Computer Account Flashcards
Computer accounts
Computer Account Facts
Computer Account Facts
A computer account is an Active Directory object that identifies a network computer. The account in Active Directory is associated with a specific hardware device. To identify a specific computer, two processes are required:
Create a computer account in Active Directory.
Join a computer to the domain. When you join the domain, the device is associated with the Active Directory computer account.
You can perform these processes in two different ways:
From Active Directory Users and Computers, create a computer account. This process is called prestaging computer accounts. From the workstation, join the domain. The workstation will be associated with the computer account you created previously.
From the workstation, join the domain. If the computer account does not exist in Active Directory, it will be created automatically. When you join a domain and create a new computer account in one step, the computer account is added to the Computers built-in folder in Active Directory.
Be aware of the following facts about computer accounts and joining a domain:
Because the Computers folder is not an OU, you cannot link a GPO to this container, meaning that only Group Policy settings in the domain will apply to these computers. For more control over Group Policy settings for computers or groups of computers, move computer accounts to OUs.

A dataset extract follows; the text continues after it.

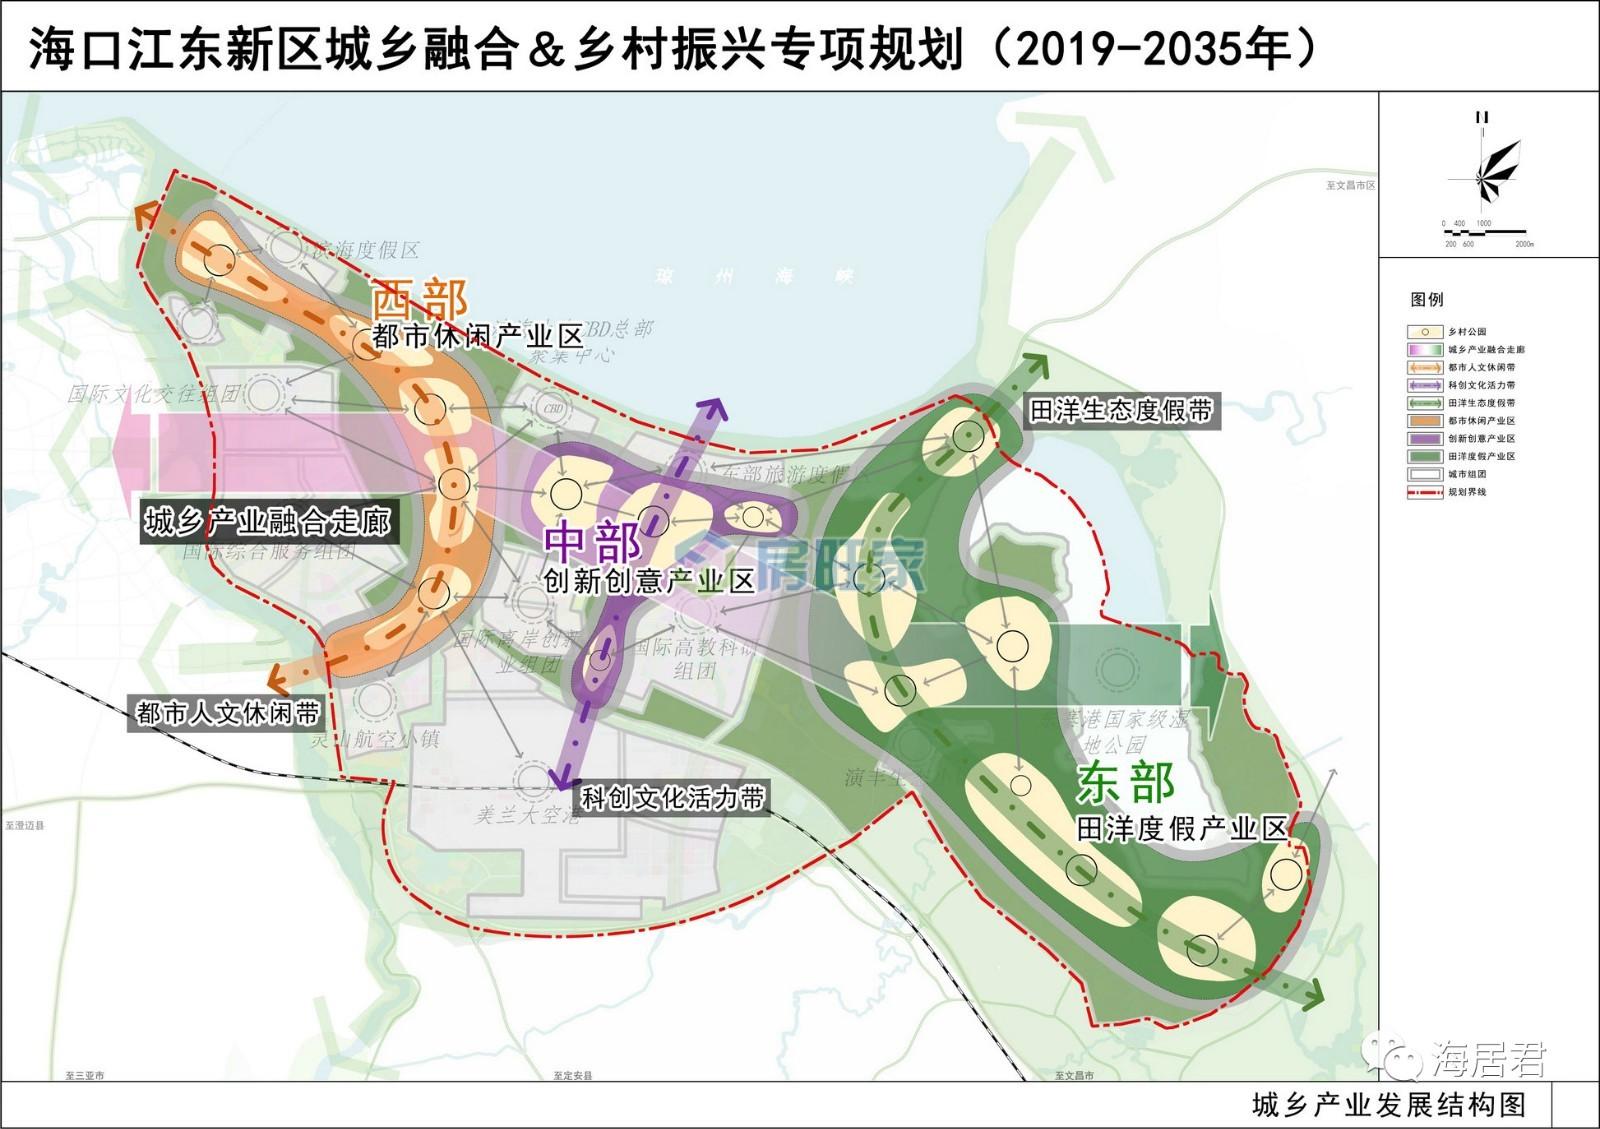 海口江东新区城乡融合&乡村振兴专项规划城乡产业发展结构图

To control where computer accounts are placed when the computer joins the domain, create computer accounts ahead of time before joining the domain from the workstation.
The following group members can create a computer account:
Account Operators
Domain Admins
Enterprise Admins
Members of the Authenticated Users group can join up to 10 computers to a domain from a workstation (and create the computer account automatically if it does not already exist). This ability comes from the Add workstations to a domain user right. You can also allow specific users to join specific computers to a domain by selecting The following user or group can join this computer to a domain when creating the computer account.
You can grant other users permissions to create computer accounts by giving them the Create Computer Objects right over the Active Directory OU. This permission does not have a limit on the number of accounts that can be created. Note: You must grant this right to the domain or specific OUs.
To join a computer to a domain, you must be a member of the Administrators group on the local computer or be given the necessary rights.
Use the dsadd and netdom utilities to create computer accounts from a command prompt or a script. Use netdom to rename a computer account. Use netdom join to join a computer to a domain.
After a computer account is created, you must join the computer to the domain before the computer receives Group Policy settings or before Active Directory receives workstation-specific information.
Each computer has a password that is automatically-generated when the computer joins the domain.
When the computer boots, this password is used to authenticate the computer to the domain. This password is used to establish a secure channel between the computer and the domain controller.
The password is saved on the local computer and in Active Directory. By default, the password is changed automatically every 30 days.
If the two passwords become unsynchronized, the computer will not be able to connect to the domain, and you will see an error indicating that the computer failed to authenticate. This problem will also occur if you have rebuilt the computer, or if you are replacing the computer with another one using the same computer account name.
When computer logon fails, reset the computer account. To reset the account, use one of the following methods:
Run the netdom reset command followed by the computer account name and the domain.
In Active Directory Users and Computers, right-click the computer account and select Reset Account.
Create a script in Visual Basic.
After resetting the computer account, you must rejoin the computer to the domain.